» Supplied material:
[Start of section]

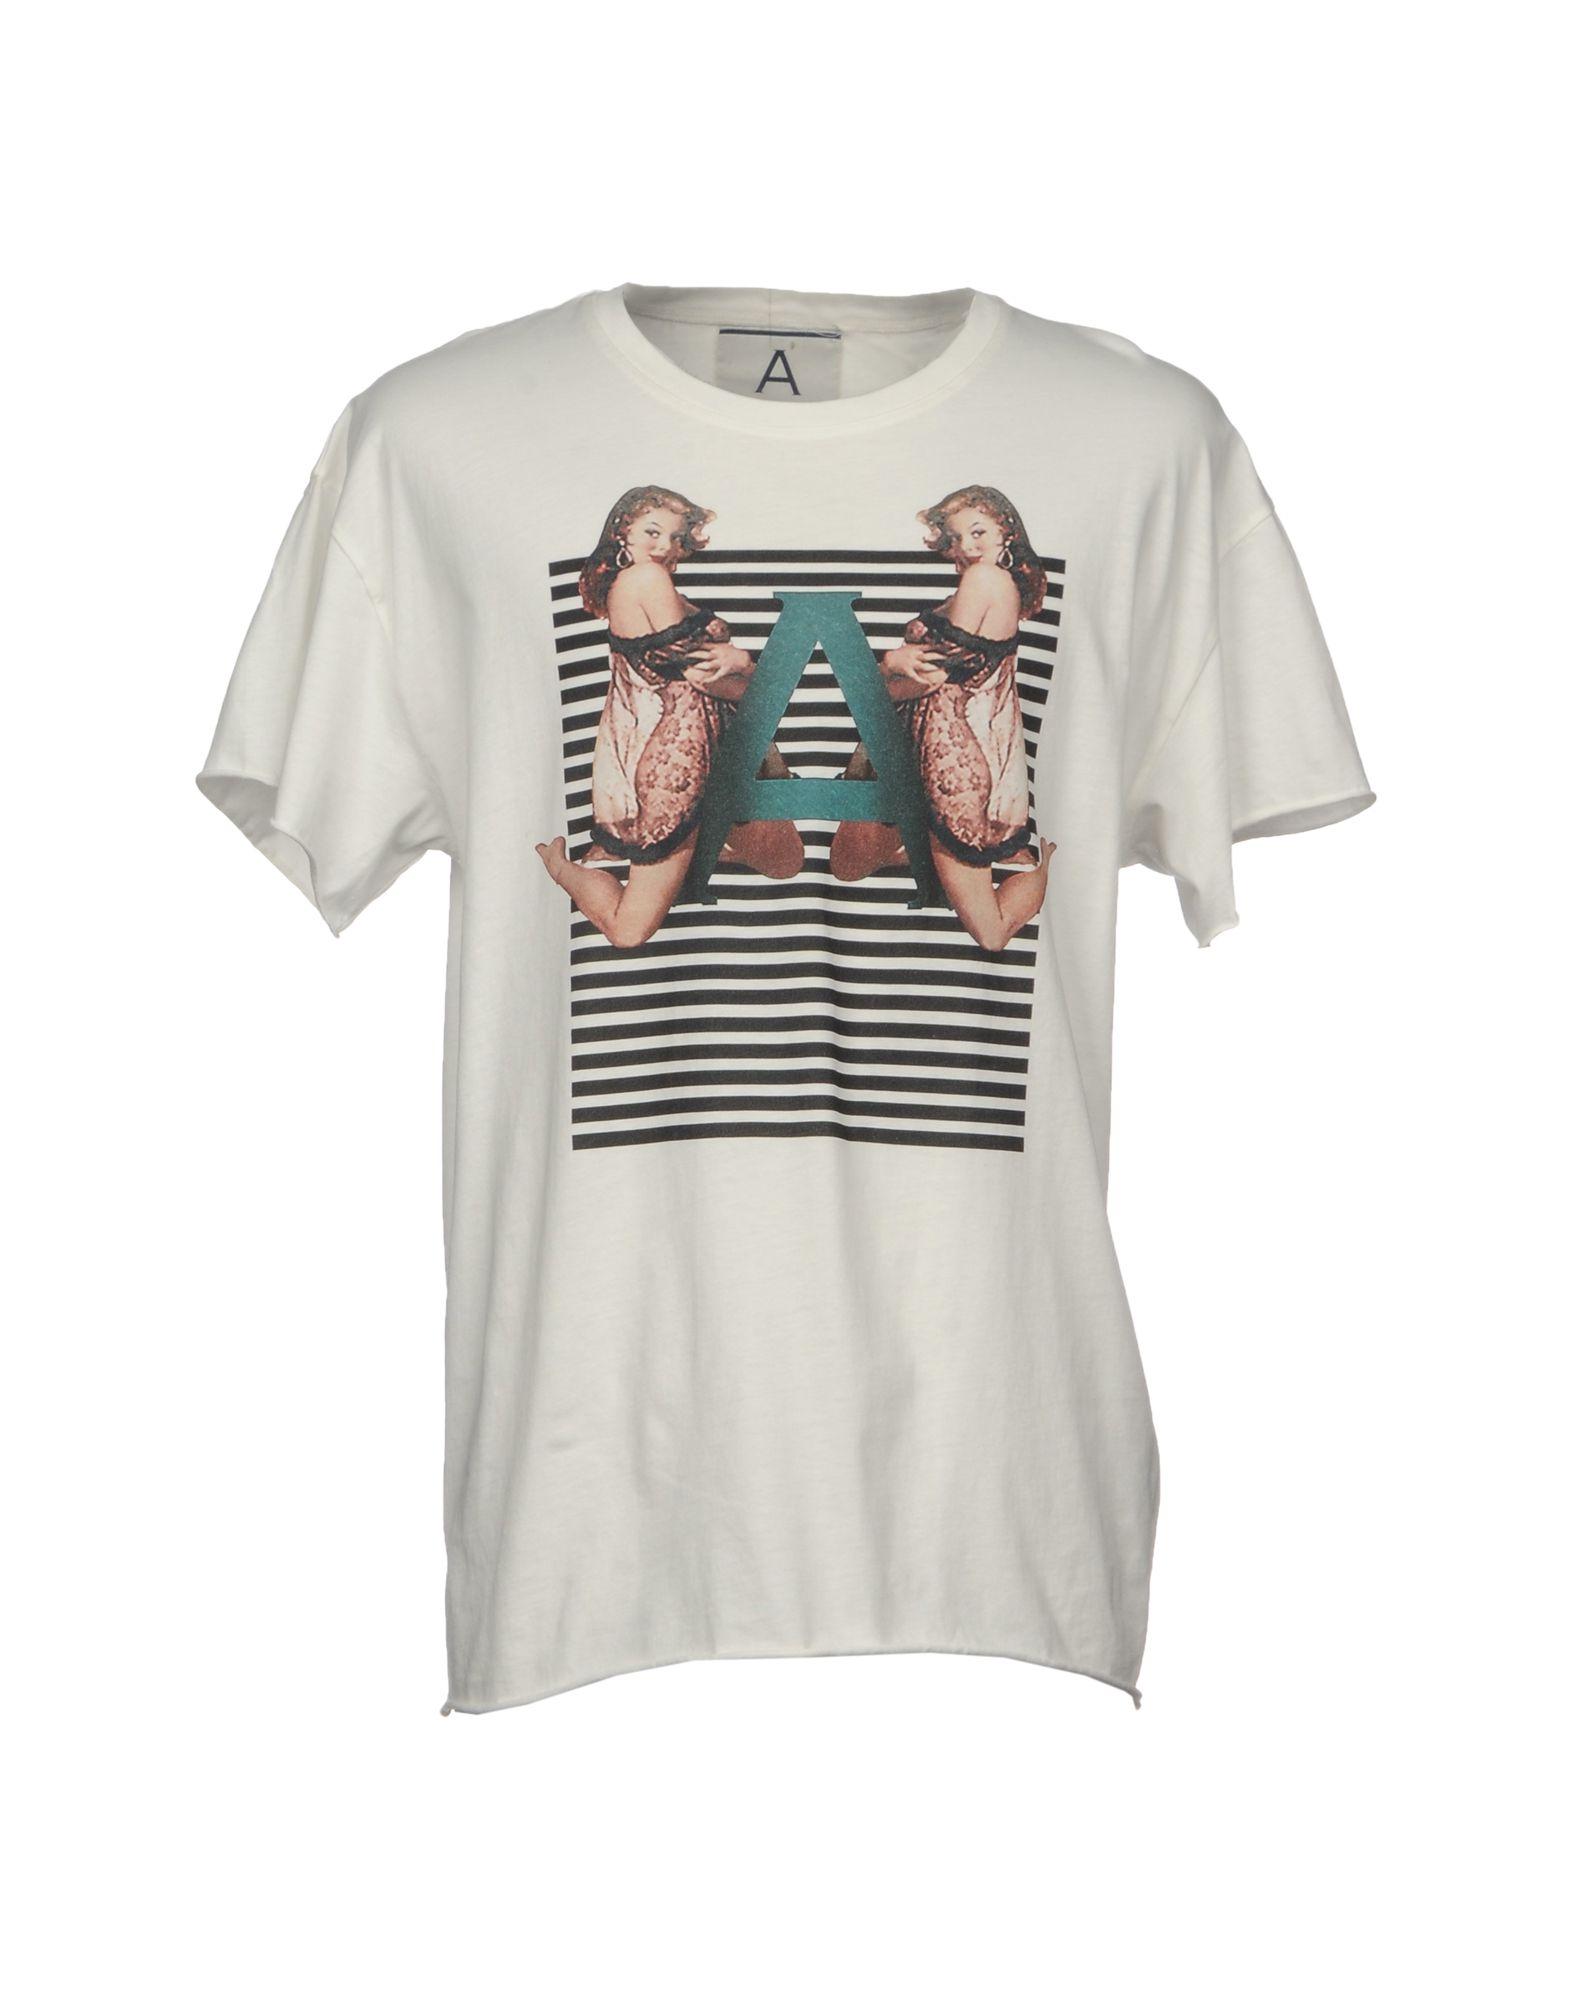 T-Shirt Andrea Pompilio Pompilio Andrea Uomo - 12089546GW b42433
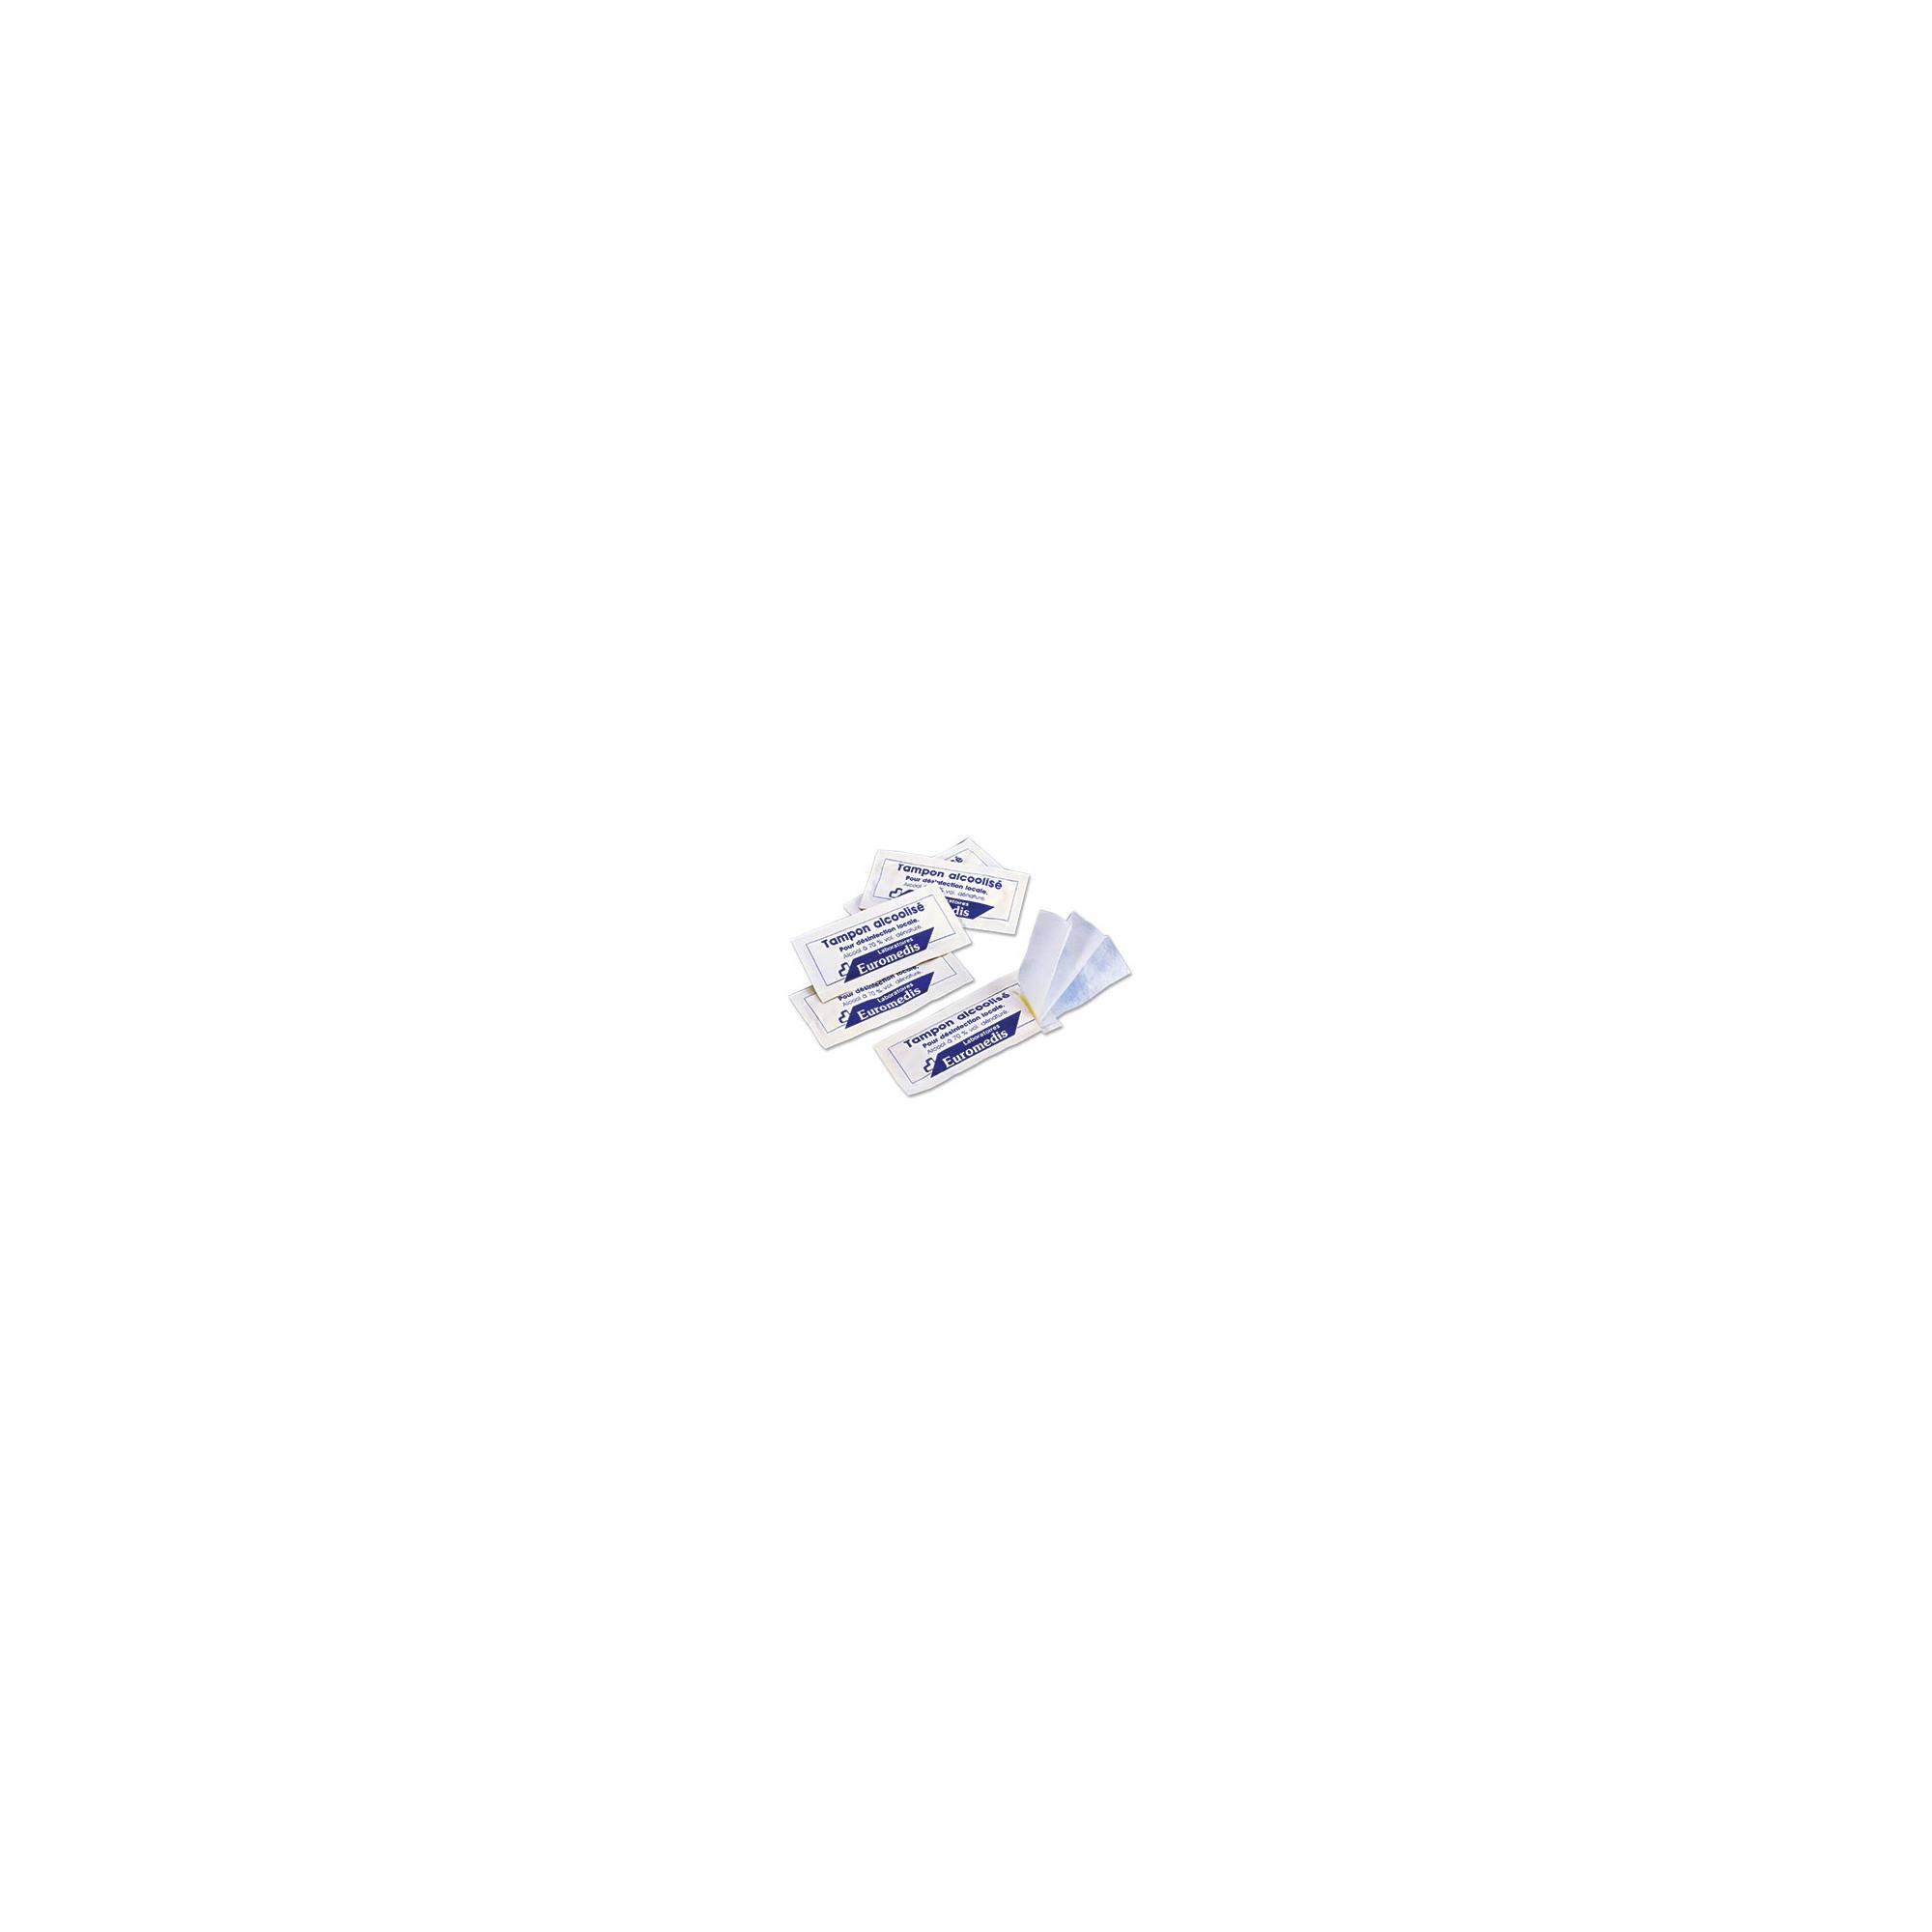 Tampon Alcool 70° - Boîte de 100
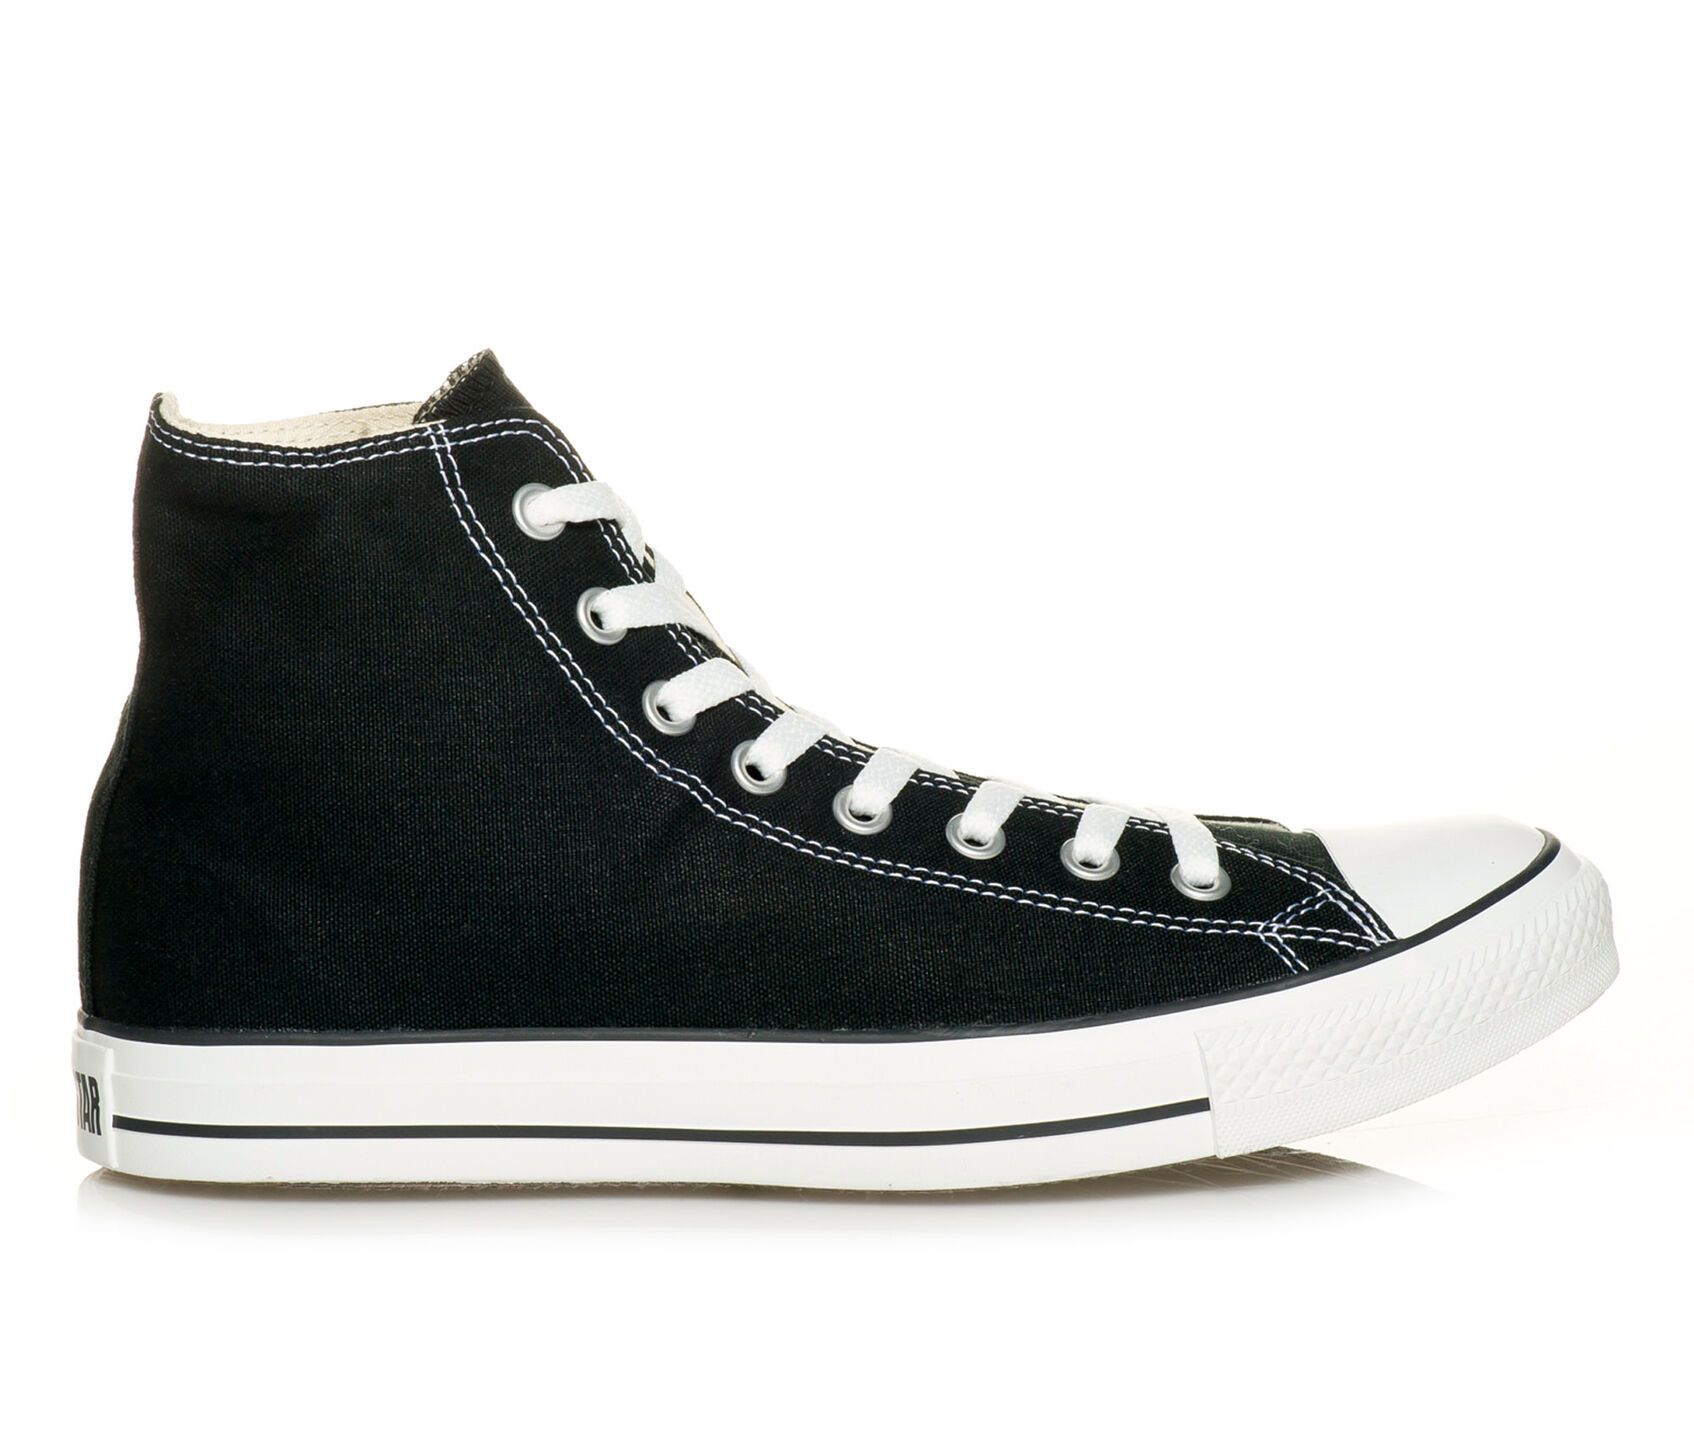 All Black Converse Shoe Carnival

[End of section]

» Problem requirements: Extract the run of lines from the line holding "Tampon Alcool 70° - Boîte de 100" through the final line of the material above, exactly and inclusively. Leave the pictures behind.

» Problem solution:
 Tampon Alcool 70° - Boîte de 100
 All Black Converse Shoe Carnival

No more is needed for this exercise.